The defendant cannot be sentenced for it in the event of acquittal on the count of murder.

At trial, if a plea of manslaughter would not be acceptable, this alternative count need not appear on the indictment for the court.

The exception would be where the prosecution concludes there is a real (rather than a fanciful) prospect of the judge finding the defendant guilty of manslaughter, and if the judge was not sure of the defendant’s guilt on the charge of murder, the prosecution, after a trial for murder, would accept a guilty verdict on the charge of manslaughter i.e. not seek a re-trial for murder.

The addition of an alternative count in these circumstances is therefore simply an indication about the prosecution position should the judge not convict of murder.

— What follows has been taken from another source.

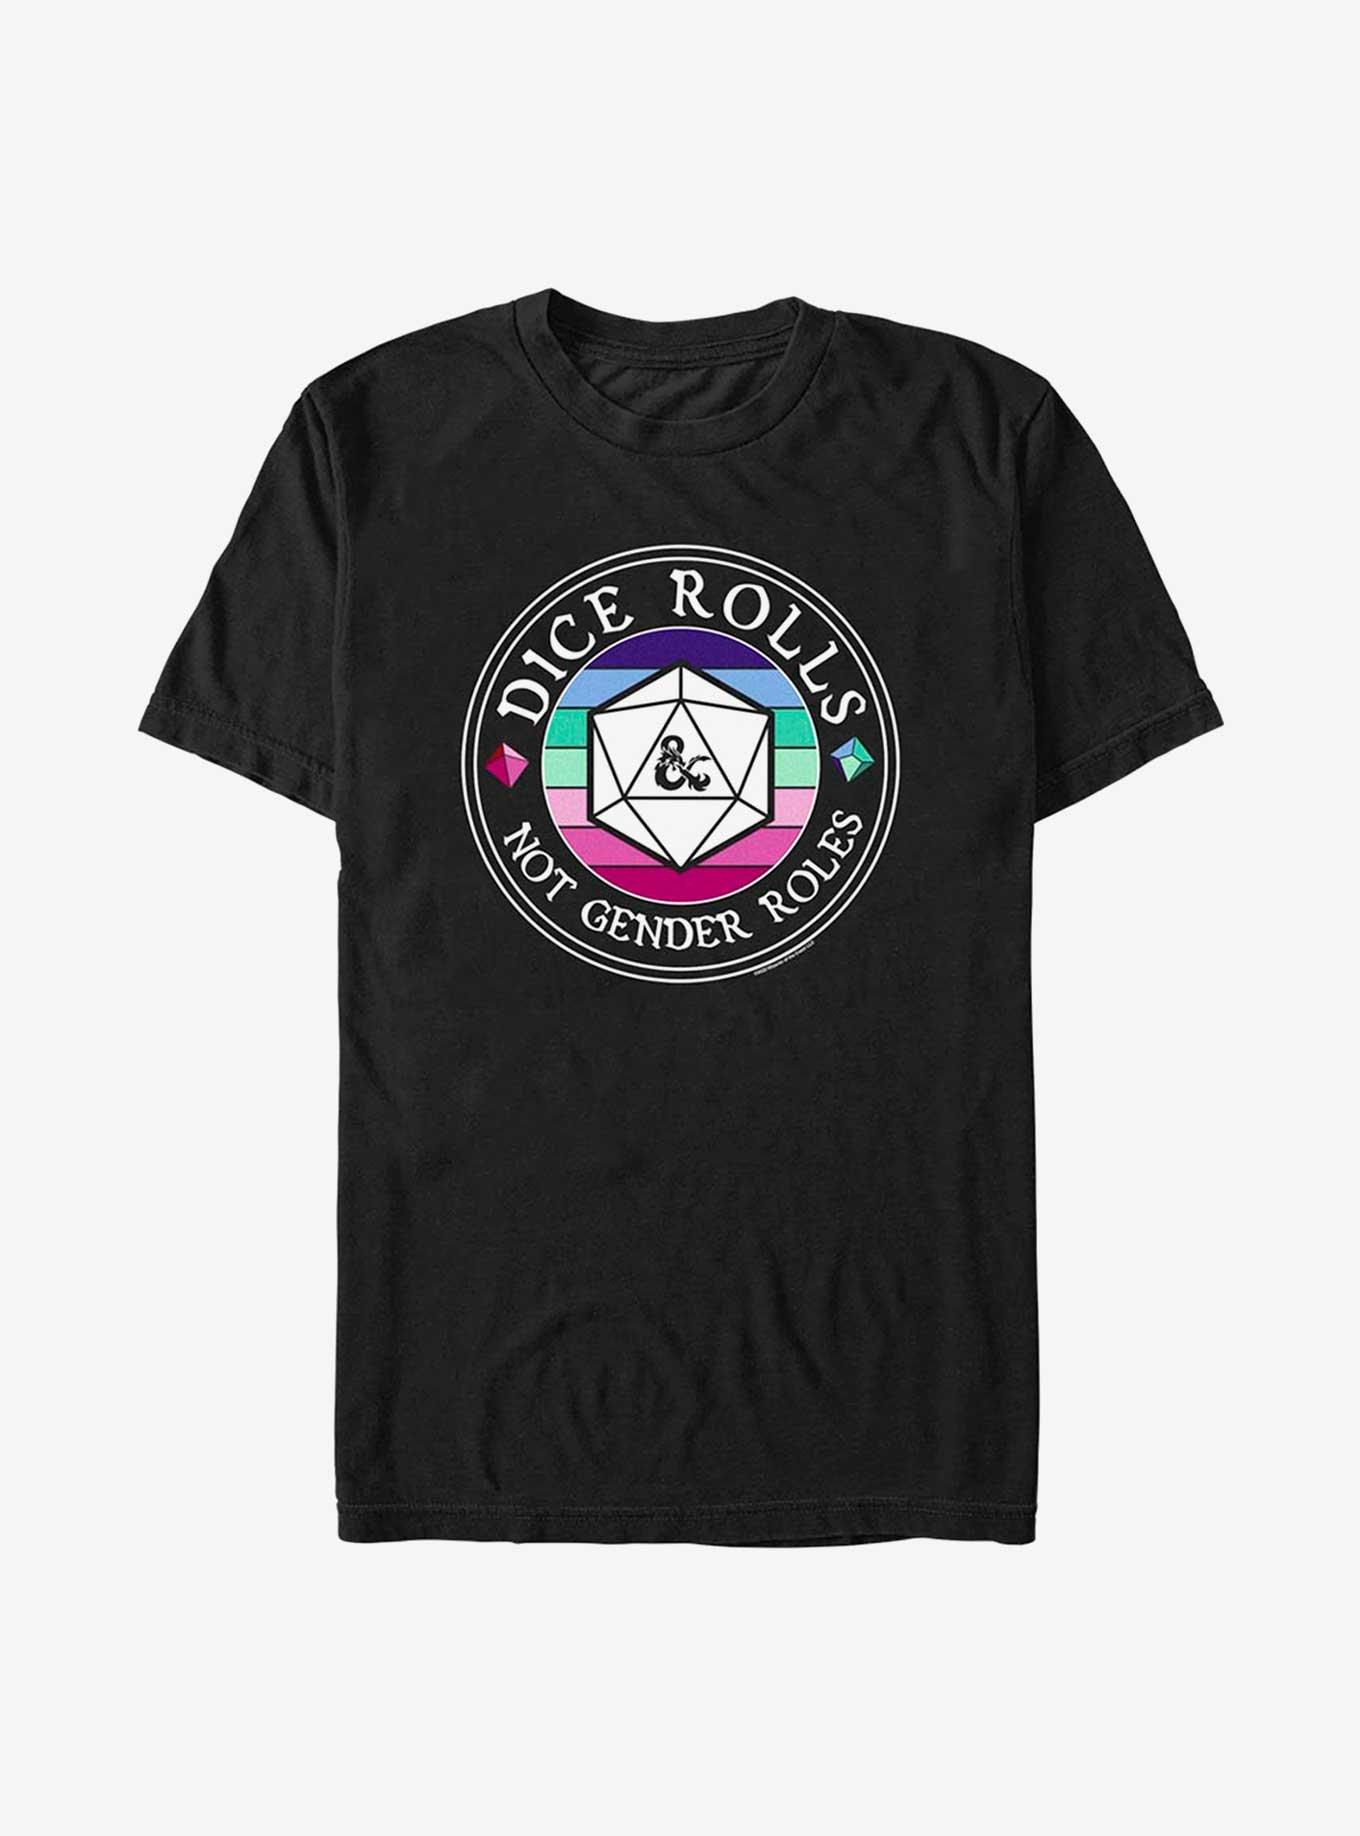 Dungeons & Dragons Dice Roles Pride T-Shirt

The case of Njoku Vs The State 2012 suffices.

The following are the consequences of adding or not adding an alternative of manslaughter when proceeding on the charge of murder:

If the judge cannot reach a verdict on the murder count, but return a guilty verdict on the manslaughter count which has been added as an alternative, the prosecution will not usually seek a re-trial on the count of murder.

If no alternative is included on the indictment, the prosecution must decide when the jury retires to consider their verdict on murder whether to seek a re-trial if the jury cannot agree, or whether it would be prepared to accept the alternative (manslaughter).

If the prosecution submits that the judge should accept the verdict of manslaughter, then it will be accepting that it will not be proceeding to a retrial on the charge of murder.

If the prosecution submits that the judge should not accept the verdict of manslaughter, and therefore seeks a retrial on the charge of murder, the judge may agree to accede to this, discharge the court and order a retrial on the charge of murder.

If, despite representations to the contrary, the judge accepts the verdict of manslaughter because it meets the justice of the case, the prosecution will not be able to seek a retrial on the charge of murder even if there is no abuse of process: see Iheanyighichi Apugo vs The State.

The trio of Hamzat, Fasasi and Naomi are facing charges of murders for organising a charity event for the less privileged and many parents and adults were allegedly involved in crushing to death tens and tens of toddlers and youngsters.

Where are those directly involved in the accident and why are they not charged along with the event organisers?